Problem to work on: Starting with the line that contains "Screenshot of the" and stopping after the line that contains "El impactante anuncio", copy the entries below exactly. Include nothing else.
***
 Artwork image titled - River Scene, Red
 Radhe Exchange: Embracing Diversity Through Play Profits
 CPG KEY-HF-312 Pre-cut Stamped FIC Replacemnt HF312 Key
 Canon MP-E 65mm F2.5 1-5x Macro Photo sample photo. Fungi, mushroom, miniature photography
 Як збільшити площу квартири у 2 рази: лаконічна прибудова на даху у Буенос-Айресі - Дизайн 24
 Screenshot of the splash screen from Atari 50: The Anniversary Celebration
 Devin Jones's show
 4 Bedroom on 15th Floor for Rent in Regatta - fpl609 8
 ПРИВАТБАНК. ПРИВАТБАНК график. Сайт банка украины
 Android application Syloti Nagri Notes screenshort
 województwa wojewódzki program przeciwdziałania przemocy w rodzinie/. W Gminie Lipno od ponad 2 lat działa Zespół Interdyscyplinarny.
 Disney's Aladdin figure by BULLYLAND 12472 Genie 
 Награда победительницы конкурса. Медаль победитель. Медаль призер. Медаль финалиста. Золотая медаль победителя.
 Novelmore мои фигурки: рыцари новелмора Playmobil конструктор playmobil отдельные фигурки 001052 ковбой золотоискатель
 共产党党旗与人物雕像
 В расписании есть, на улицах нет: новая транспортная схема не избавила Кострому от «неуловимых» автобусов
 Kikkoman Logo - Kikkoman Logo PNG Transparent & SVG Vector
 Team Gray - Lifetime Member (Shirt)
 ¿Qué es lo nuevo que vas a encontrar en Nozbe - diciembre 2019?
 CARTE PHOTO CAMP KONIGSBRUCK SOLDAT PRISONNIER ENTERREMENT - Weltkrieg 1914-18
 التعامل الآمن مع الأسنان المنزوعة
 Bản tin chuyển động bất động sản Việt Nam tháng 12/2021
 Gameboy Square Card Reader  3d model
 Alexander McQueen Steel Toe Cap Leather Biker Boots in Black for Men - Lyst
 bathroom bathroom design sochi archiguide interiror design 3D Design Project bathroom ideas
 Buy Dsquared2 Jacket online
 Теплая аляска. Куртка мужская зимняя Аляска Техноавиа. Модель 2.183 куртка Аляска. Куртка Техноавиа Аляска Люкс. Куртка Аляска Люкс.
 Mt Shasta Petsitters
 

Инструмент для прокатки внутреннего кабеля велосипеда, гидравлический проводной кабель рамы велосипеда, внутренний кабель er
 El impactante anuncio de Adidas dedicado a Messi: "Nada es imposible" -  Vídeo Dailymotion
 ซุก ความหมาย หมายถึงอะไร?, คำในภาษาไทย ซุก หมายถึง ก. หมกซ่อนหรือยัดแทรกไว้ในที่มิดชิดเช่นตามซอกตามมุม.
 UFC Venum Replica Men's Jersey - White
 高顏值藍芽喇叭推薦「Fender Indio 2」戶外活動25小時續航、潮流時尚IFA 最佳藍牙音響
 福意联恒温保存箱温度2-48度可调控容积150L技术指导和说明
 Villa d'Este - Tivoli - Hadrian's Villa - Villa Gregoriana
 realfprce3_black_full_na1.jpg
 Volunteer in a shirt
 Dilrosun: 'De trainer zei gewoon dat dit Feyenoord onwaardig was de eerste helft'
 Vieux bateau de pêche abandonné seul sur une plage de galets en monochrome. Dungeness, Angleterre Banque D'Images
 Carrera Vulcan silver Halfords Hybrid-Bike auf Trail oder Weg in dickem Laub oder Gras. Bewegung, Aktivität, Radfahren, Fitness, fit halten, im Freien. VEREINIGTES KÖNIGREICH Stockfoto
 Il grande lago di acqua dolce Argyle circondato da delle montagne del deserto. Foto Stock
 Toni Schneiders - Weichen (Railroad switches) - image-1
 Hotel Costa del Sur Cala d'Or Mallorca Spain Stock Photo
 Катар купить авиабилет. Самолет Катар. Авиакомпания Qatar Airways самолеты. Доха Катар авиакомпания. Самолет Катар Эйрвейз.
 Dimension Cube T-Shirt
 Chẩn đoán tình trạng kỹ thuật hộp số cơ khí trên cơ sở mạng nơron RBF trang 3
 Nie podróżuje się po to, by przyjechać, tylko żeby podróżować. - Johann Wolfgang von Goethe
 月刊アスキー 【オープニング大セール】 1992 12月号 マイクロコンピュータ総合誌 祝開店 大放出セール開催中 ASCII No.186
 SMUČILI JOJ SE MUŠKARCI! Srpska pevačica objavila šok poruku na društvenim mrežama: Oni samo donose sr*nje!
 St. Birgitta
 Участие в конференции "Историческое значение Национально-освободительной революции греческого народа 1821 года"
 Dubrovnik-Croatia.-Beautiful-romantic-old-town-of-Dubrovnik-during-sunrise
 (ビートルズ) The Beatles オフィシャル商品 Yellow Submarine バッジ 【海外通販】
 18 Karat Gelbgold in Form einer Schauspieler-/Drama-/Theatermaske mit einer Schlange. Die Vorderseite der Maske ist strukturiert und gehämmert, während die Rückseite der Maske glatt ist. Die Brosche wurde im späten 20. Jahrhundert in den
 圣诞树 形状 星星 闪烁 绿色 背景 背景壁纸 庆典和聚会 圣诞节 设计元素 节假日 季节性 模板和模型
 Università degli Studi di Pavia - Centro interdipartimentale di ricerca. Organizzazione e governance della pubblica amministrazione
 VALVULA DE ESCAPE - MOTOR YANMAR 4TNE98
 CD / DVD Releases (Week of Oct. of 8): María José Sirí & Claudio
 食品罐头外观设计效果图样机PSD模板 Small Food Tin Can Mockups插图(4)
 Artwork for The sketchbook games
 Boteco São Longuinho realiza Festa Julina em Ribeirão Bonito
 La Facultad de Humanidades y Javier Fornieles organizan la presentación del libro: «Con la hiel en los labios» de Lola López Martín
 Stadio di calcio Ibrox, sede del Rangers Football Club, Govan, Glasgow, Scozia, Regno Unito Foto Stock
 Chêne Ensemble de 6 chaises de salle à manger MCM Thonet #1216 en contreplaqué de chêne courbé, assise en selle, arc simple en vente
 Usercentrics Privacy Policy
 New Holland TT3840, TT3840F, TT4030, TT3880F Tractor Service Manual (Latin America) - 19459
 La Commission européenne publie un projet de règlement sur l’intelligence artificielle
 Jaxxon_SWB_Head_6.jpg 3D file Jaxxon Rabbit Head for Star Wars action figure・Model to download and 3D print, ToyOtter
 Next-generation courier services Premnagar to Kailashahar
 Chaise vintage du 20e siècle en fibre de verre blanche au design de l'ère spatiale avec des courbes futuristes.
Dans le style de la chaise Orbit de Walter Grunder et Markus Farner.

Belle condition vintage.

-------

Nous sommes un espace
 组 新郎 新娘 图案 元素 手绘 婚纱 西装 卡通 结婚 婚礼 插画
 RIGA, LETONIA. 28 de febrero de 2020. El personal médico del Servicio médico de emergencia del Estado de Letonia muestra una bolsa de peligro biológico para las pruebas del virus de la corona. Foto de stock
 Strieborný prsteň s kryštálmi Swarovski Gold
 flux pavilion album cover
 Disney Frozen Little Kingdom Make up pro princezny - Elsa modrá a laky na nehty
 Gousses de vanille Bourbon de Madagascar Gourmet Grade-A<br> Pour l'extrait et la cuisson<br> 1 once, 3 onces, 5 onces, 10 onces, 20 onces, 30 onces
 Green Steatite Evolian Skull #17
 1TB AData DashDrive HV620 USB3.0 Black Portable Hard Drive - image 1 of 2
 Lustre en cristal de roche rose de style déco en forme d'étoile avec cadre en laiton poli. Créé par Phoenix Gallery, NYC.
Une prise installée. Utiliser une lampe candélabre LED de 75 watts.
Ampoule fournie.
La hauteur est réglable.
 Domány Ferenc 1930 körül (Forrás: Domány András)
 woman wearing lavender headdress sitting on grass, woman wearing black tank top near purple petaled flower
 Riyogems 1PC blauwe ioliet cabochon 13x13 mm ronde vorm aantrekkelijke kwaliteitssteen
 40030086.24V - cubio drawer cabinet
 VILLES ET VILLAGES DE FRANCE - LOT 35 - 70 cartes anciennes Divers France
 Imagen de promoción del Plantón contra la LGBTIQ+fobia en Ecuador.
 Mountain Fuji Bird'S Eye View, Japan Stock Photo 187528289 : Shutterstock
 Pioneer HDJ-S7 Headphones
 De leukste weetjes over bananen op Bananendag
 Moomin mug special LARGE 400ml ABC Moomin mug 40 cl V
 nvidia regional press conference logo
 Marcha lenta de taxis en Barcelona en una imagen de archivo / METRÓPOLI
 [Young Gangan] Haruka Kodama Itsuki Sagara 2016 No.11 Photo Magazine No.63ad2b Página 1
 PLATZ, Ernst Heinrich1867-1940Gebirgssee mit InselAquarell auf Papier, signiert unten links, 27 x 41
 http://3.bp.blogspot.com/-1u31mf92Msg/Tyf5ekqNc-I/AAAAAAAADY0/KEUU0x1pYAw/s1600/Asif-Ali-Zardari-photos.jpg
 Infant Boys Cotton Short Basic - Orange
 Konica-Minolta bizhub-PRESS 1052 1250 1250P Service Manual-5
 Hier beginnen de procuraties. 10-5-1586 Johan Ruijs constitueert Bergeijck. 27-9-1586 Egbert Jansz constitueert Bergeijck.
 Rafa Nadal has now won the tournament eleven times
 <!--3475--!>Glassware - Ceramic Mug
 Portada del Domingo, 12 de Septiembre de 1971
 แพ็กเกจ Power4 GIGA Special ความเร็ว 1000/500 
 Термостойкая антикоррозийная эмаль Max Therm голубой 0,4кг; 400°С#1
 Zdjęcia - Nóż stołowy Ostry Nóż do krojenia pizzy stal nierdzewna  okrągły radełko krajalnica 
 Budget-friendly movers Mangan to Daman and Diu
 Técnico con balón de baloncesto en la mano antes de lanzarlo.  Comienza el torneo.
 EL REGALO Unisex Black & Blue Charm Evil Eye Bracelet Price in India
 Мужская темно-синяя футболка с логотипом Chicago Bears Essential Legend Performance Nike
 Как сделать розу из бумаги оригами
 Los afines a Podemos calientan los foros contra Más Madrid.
***
Written response:
 Screenshot of the splash screen from Atari 50: The Anniversary Celebration
 Devin Jones's show
 4 Bedroom on 15th Floor for Rent in Regatta - fpl609 8
 ПРИВАТБАНК. ПРИВАТБАНК график. Сайт банка украины
 Android application Syloti Nagri Notes screenshort
 województwa wojewódzki program przeciwdziałania przemocy w rodzinie/. W Gminie Lipno od ponad 2 lat działa Zespół Interdyscyplinarny.
 Disney's Aladdin figure by BULLYLAND 12472 Genie 
 Награда победительницы конкурса. Медаль победитель. Медаль призер. Медаль финалиста. Золотая медаль победителя.
 Novelmore мои фигурки: рыцари новелмора Playmobil конструктор playmobil отдельные фигурки 001052 ковбой золотоискатель
 共产党党旗与人物雕像
 В расписании есть, на улицах нет: новая транспортная схема не избавила Кострому от «неуловимых» автобусов
 Kikkoman Logo - Kikkoman Logo PNG Transparent & SVG Vector
 Team Gray - Lifetime Member (Shirt)
 ¿Qué es lo nuevo que vas a encontrar en Nozbe - diciembre 2019?
 CARTE PHOTO CAMP KONIGSBRUCK SOLDAT PRISONNIER ENTERREMENT - Weltkrieg 1914-18
 التعامل الآمن مع الأسنان المنزوعة
 Bản tin chuyển động bất động sản Việt Nam tháng 12/2021
 Gameboy Square Card Reader  3d model
 Alexander McQueen Steel Toe Cap Leather Biker Boots in Black for Men - Lyst
 bathroom bathroom design sochi archiguide interiror design 3D Design Project bathroom ideas
 Buy Dsquared2 Jacket online
 Теплая аляска. Куртка мужская зимняя Аляска Техноавиа. Модель 2.183 куртка Аляска. Куртка Техноавиа Аляска Люкс. Куртка Аляска Люкс.
 Mt Shasta Petsitters
 

Инструмент для прокатки внутреннего кабеля велосипеда, гидравлический проводной кабель рамы велосипеда, внутренний кабель er
 El impactante anuncio de Adidas dedicado a Messi: "Nada es imposible" -  Vídeo Dailymotion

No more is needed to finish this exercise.